Their gazes were complex.

Li Daoxuan’s held pity and sympathy; the girl’s brimmed with sorrow and pleading.

Summer, Year Seven of Tianqi (1627), Chengcheng County, Shaanxi, Gaojia Village.

Gao Yiye had lost her mother. Now, she was utterly alone.

But grief was a luxury. With no grain left in the house, survival demanded action. She couldn’t afford to be a useless waste, clutching her mother’s belongings and weeping.

Early in the morning, she rose, basket in hand, and stepped outside the village, heart heavy with sorrow.

She first kowtowed at her mother’s grave, then spat toward the mound where the bandits lay buried. Trudging onward, she scanned the ground for any patch where weeds might once have sprouted.

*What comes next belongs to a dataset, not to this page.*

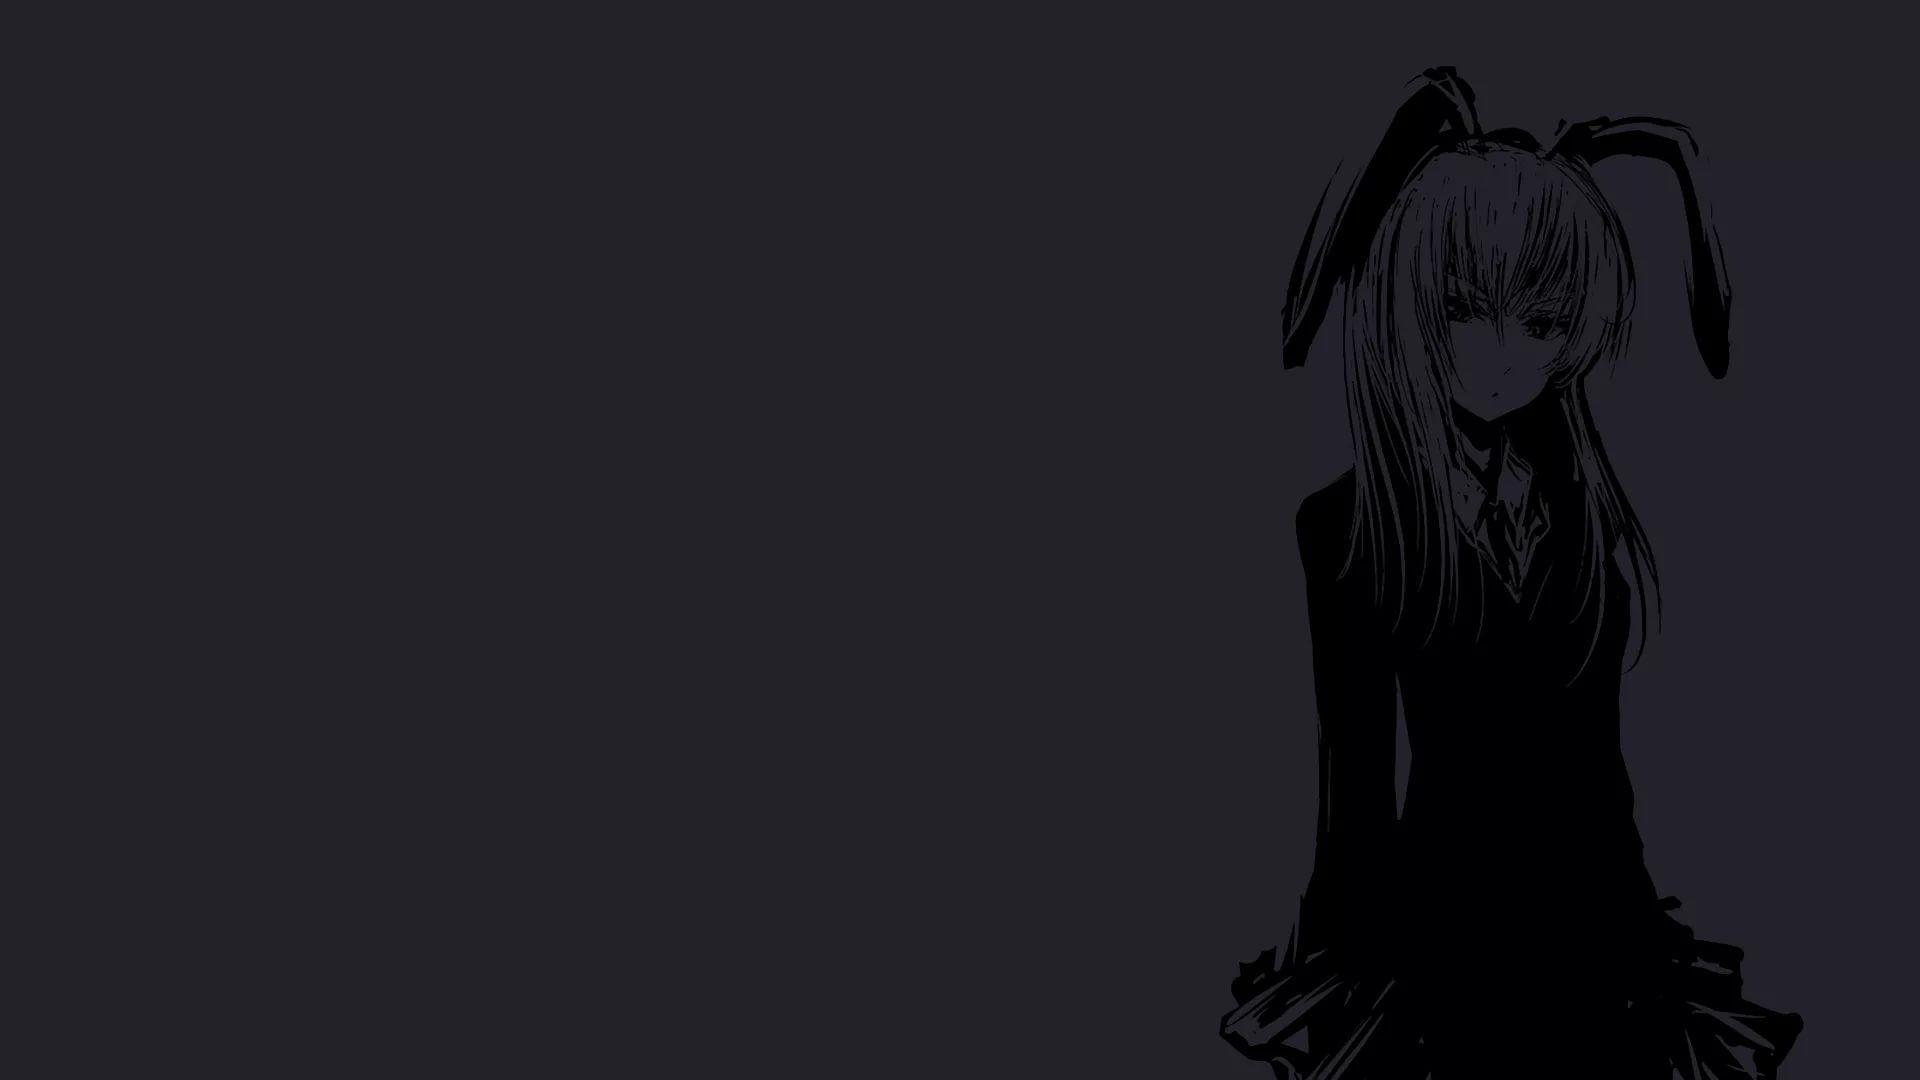 1920x1080 Hình nền Anime đen tối

This stretch of sand had been combed through countless times. Digging up grass roots grew harder by the day.

Her arms and legs felt leaden, her body swaying unsteadily.

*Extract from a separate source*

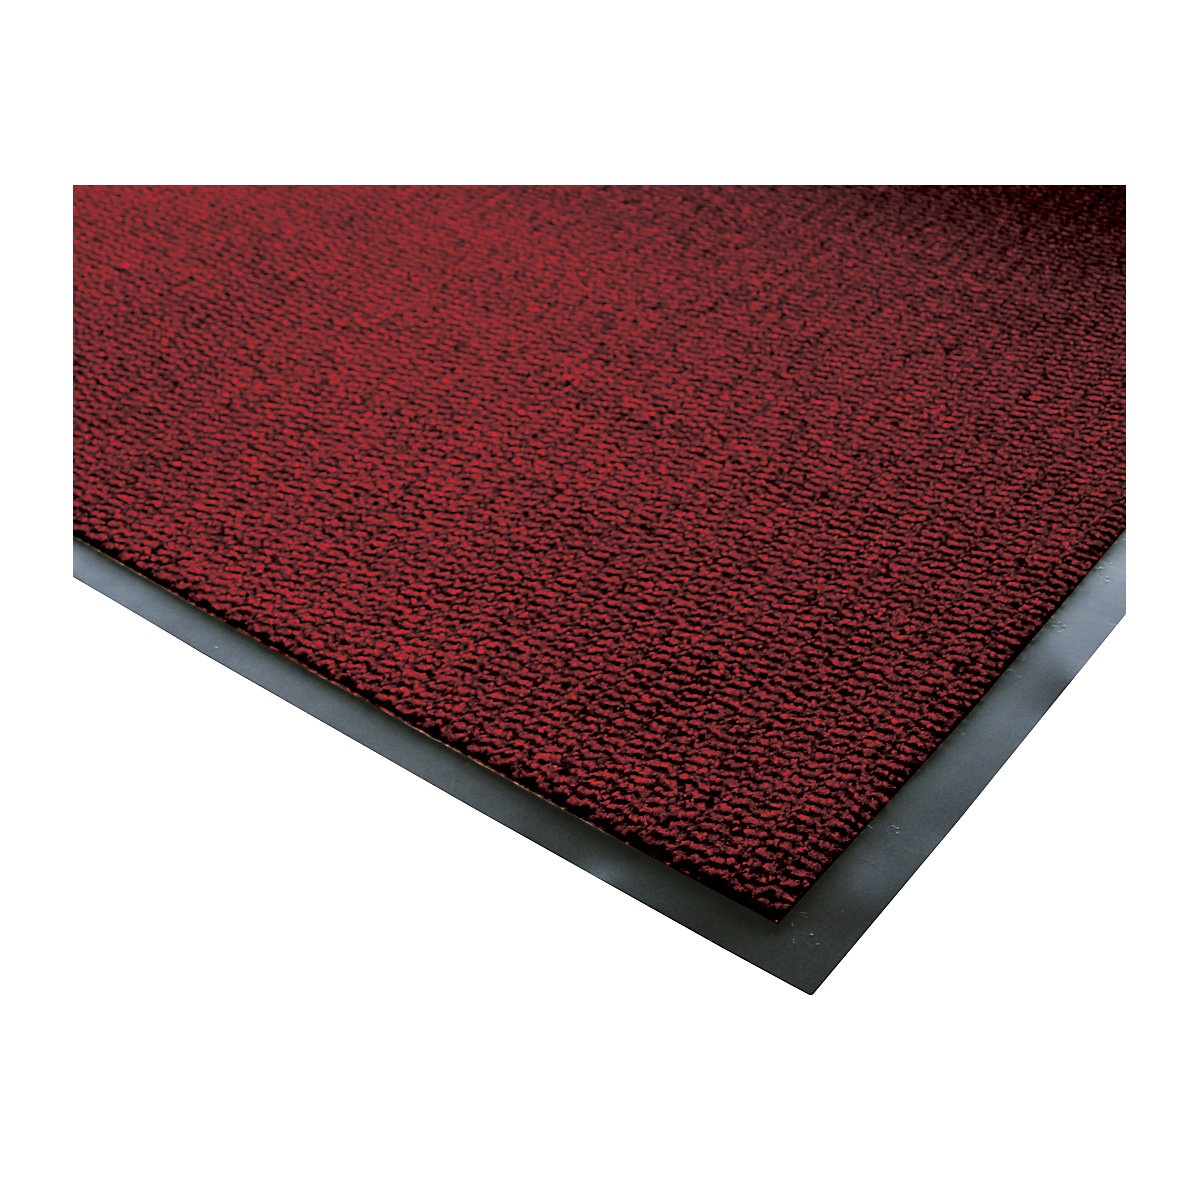 Covoraș de interior pentru reținerea impurităților, fibre din polipropilenă, lățime 900 mm, per m.l., negru / roșu

She didn’t know how much longer she could hold on. Tomorrow? The next day? Or perhaps the day after that. One day soon, she’d fail to find enough roots—too weak from hunger to forage any longer. Then, it would just be waiting for death at home.

She knew that day was nearing.

Just then, she heard a sigh drift down from the sky: “This girl suffers so much.”

The voice… it sounded vaguely familiar…

Gao Yiye snapped her head up. Peering through the clouds, she saw the face of a young man. Their eyes met—his filled with compassion and profound sympathy.

The girl knew rescue was at hand. Once more, she bowed deeply and pleaded, “Great Deity, I’m so hungry. I can’t hold on much longer. Show mercy, I beg you. Save me.”

Living creatures could neither enter nor leave the box. Worries over insects were unnecessary; any eggs attached to food instantly vanished into nothingness upon touching the box, erased by an unseen force.

Naturally, the protagonist chosen by heaven was an exception.